«LE DÉFICIT BUDGÉTAIRE CREUSÉ PAR DES PROJETS CENSÉS ÊTRE GELÉS»
L a situation financière actuelle est très difficile, reconnaît Sidi Mohamed Ferhane, directeur général de la prévision au ministère des Finances. Invité de la rédaction de la Radio Chaîne 3, face aux reproches d’avoir laissé traîner la crise, M. Ferhane défend son département ministériel en notant que les réformes nécessaires ont bien été préparées, mais leur mise en oeuvre s’est heurtée à une situation difficile, due à la complication occasionnée par la baisse des prix de pétrole et donc des revenus des hydrocarbures. Mais au-delà de cette donnée exogène liée aux prix sur le marché international, le même responsable évoque des freins internes à cette réforme, constitués par le manque de rigueur des différents ministères. «Certains ordonnateurs ont accéléré leurs dépenses, sachant pourtant qu’on était dans le plafonnement des dépenses. Rappelez-vous des premiers mois de l’année 2017, il y avait une tension très importante sur la trésorerie de l’Etat, à tel point qu’un comité de suivi de la trésorerie a été mis en place au ministère des Finances pour suivre chaque semaine l’évolution des dépenses. C’était très difficile à gérer et c’était la faute aux ordonnateurs qui ont mis les pouvoirs publics devant le fait accompli en lançant des projets qui devaient être gelés»,
regrette M. Ferhani. A la question de savoir qui étaient ces ordonnateurs, le même responsable dit parler de tous les secteurs d’activité qui ont procédé de cette manière. «Chacun essayait
de préserver ses projets», dit-il, en notant que le Premier ministère a dû réagir par des instructions «pour réguler ces dépenses qui ont porté préjudice aux finances et laissé filer le déficit au cours de l’année 2017 et
même en 2018». Se voulant rassurant, Sidi Mohamed Ferhani note que le niveau des surévaluations des projets est moins important qu’en 2012, où elles avaient atteint 1200 milliards de dinars contre
500 milliards de dinars aujourd’hui. L’invité de la Chaîne 3 estime que le fait d’avoir lancé en même temps de grands projets structurants (autoroute, chemin de fer, etc.) a été la cause de cette hausse du niveau de réévaluations des coûts des projets.
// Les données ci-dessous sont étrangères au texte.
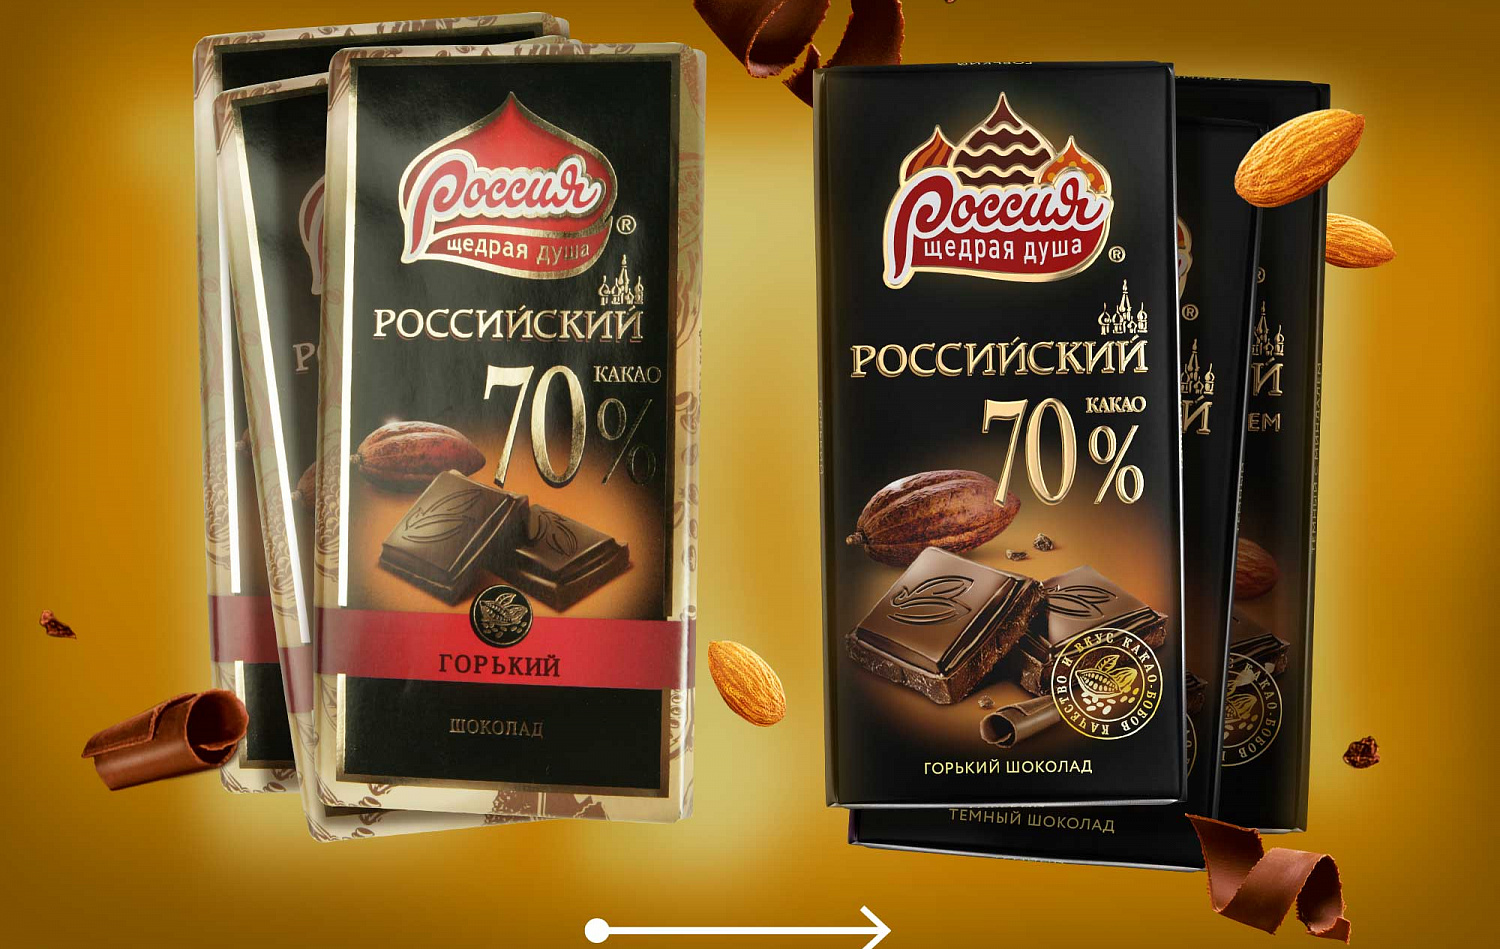 «Россия» – Щедрая Душа!® - Портфолио Depot

Avec l’épuisement des réserves de change, des doutes pèsent sur l’avenir économique du pays. Pour M. Ferhani, la situation est certes difficile, mais «il reste encore des marges de manoeuvre jusqu’à 2023. Nous avons la possibilité de remonter la pente en rationalisant les dépenses et avec des réformes structurelles profondes». Et de noter que les réformes structurelles profondes ne donnent pas des résultats rapidement :
«Les sources du déficit sont au niveau des dépenses pour le Budget de l’Etat. Et nous sommes en train de rationaliser les dépenses à ce niveau. Ce sont les réformes au niveau du Budget, du commerce extérieur qui peuvent donner des résultats rapides. On peut citer les dépenses de fonctionnement dont 80% sont destinées aux salaires des fonctionnaires et aux transferts sociaux (soit 3500 milliards de dinars). A noter que les tensions sur nos équilibres extérieurs sont portées par les importations de marchandises, mais aussi, et on l’oublie souvent, l’importation en matière de services qui représentent entre 10 et 11 milliards de dollars par an, constitués principalement par le transport maritime (3,5 milliards de dollars) et les études en BTP (3,5 milliards de dollars) en 2017.»